Das unter dem Handelsnamen Captagon bekannte Aufputschmittel heißt chemisch Fenetyllin und ist ein sogenanntes Amphetamin-Derivat. Wie alle Amphetamine (die eben dieser Wirkung wegen früher auch »Weckamine« genannt wurden!) verstärkt es die Wirkung des sympathischen Nervensystems, erhöht die Leistungsfähigkeit, mindert Appetit und Schlafbedürfnis. 1961 kam es erstmals auf den deutschen Arzneimittelmarkt und wurde bis 2010 vertrieben - heute ist es nicht mehr frei erhältlich. Beliebt war der Stoff vor allem in den 1970ern und 1980ern - insbesondere als Dopingmittel bei Sportlern.

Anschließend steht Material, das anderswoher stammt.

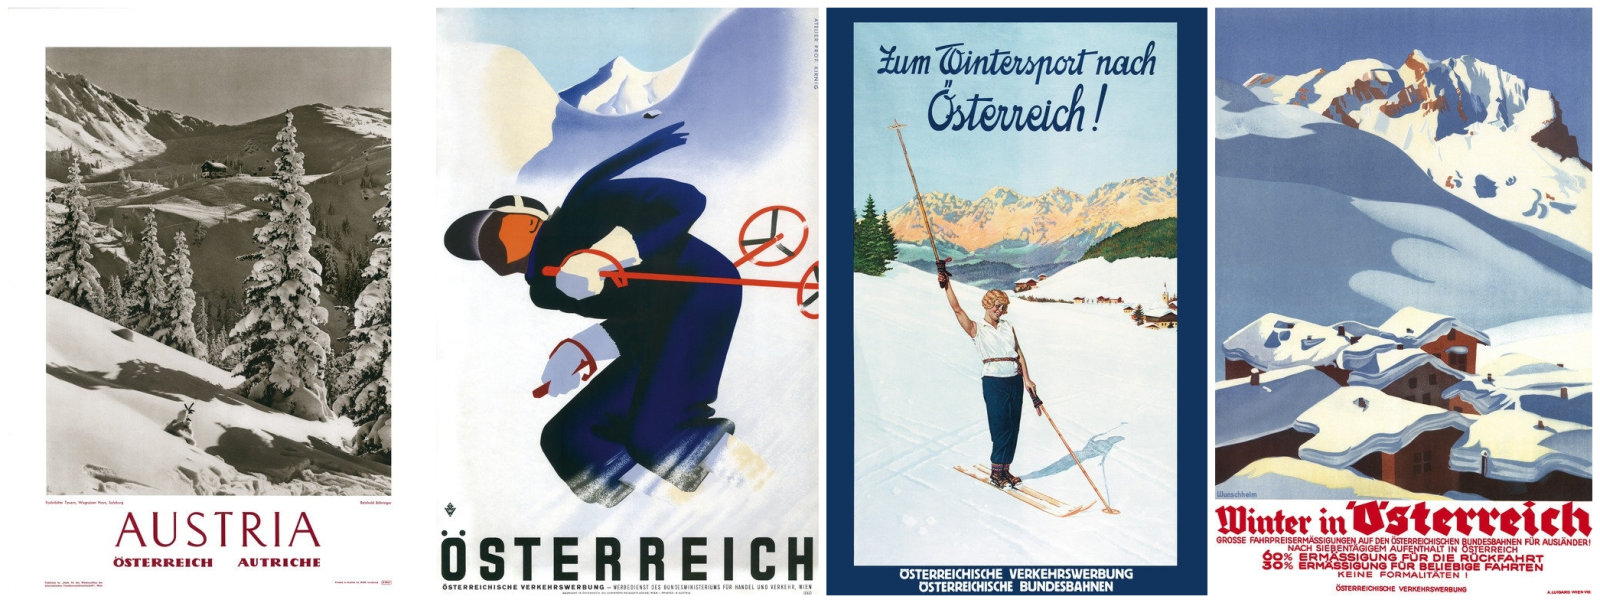 Ausztriát reklámozó retró plakátok
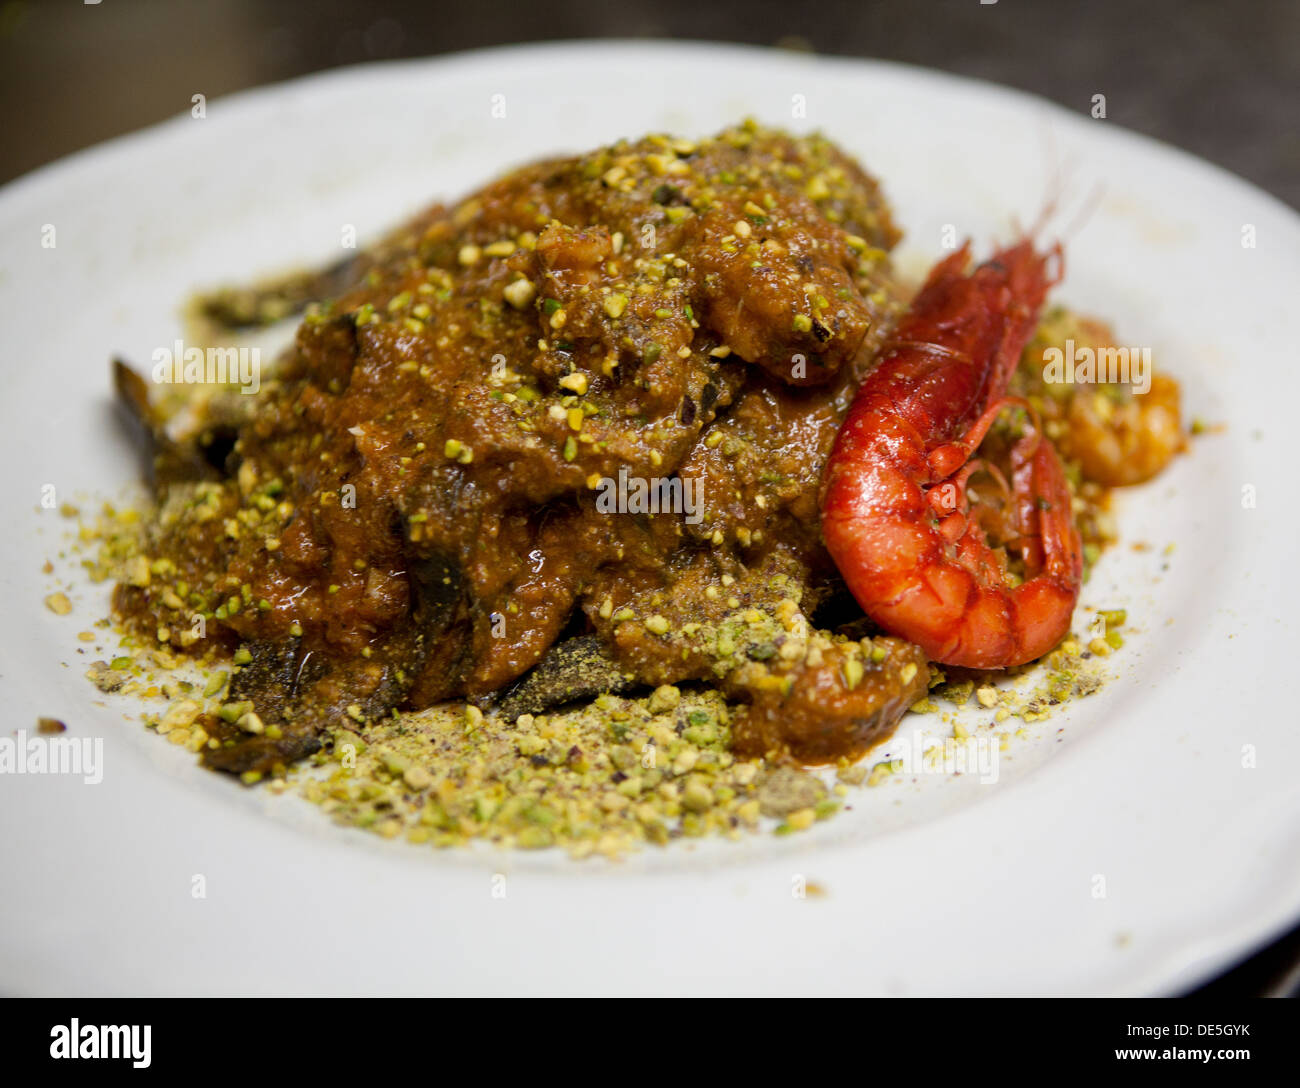 Un roi noir pâtes aux tomates, crevettes avec sauce Pistache servie sur une assiette blanche. Banque D'Images

Ein enger Zusammenhang zwischen Gewalttätigkeit und dem Gebrauch von Aufputschmitteln ist allerdings kein neues Phänomen. 1938 brachten die Berliner Temmler-Werke das von dem japanischen Chemiker Nagayoshi Nagai 1893 erstmals synthetisierte Methamphetamin unter dem Handelsnamen »Pervitin« auf den Markt. In seinem Buch »Der totale Rausch - Drogen im Dritten Reich« (Köln 2015) hat der Publizist Norman Ohler ausführlich geschildert, in welch hohem Maße der Pervitingebrauch an den »Blitzkriegen« des Dritten Reiches beteiligt war. Als Deutschland 1940 Frankreich überfiel, standen viele deutsche Soldaten unter Drogeneinfluss - 35 Millionen Tabletten bezog die Deutsche Wehrmacht zwischen April bis Juni 1940 vom Hersteller Temmler. Erst im nächsten Jahr - und damit vor dem Überfall auf die Sowjetunion - reduzierte sich der weit verbreitete Amphetamin-Gebrauch, denn ab Mitte 1941 war das Medikament durch das geänderte »Reichsopiumgesetz« nur noch auf Rezept erhältlich. Zuvor waren auch mit Pervitin versetzte Pralinen und Schokoladetafeln frei zugänglich und offenbar auch sehr begehrt. Ob Adolf Hitler selbst in den letzten beiden Kriegsjahren pervitinsüchtig gewesen ist - schon 1980 hatten das die US-Psychiater Leonard und Renate Heston behauptet -, ist allerdings noch nicht zweifelsfrei geklärt.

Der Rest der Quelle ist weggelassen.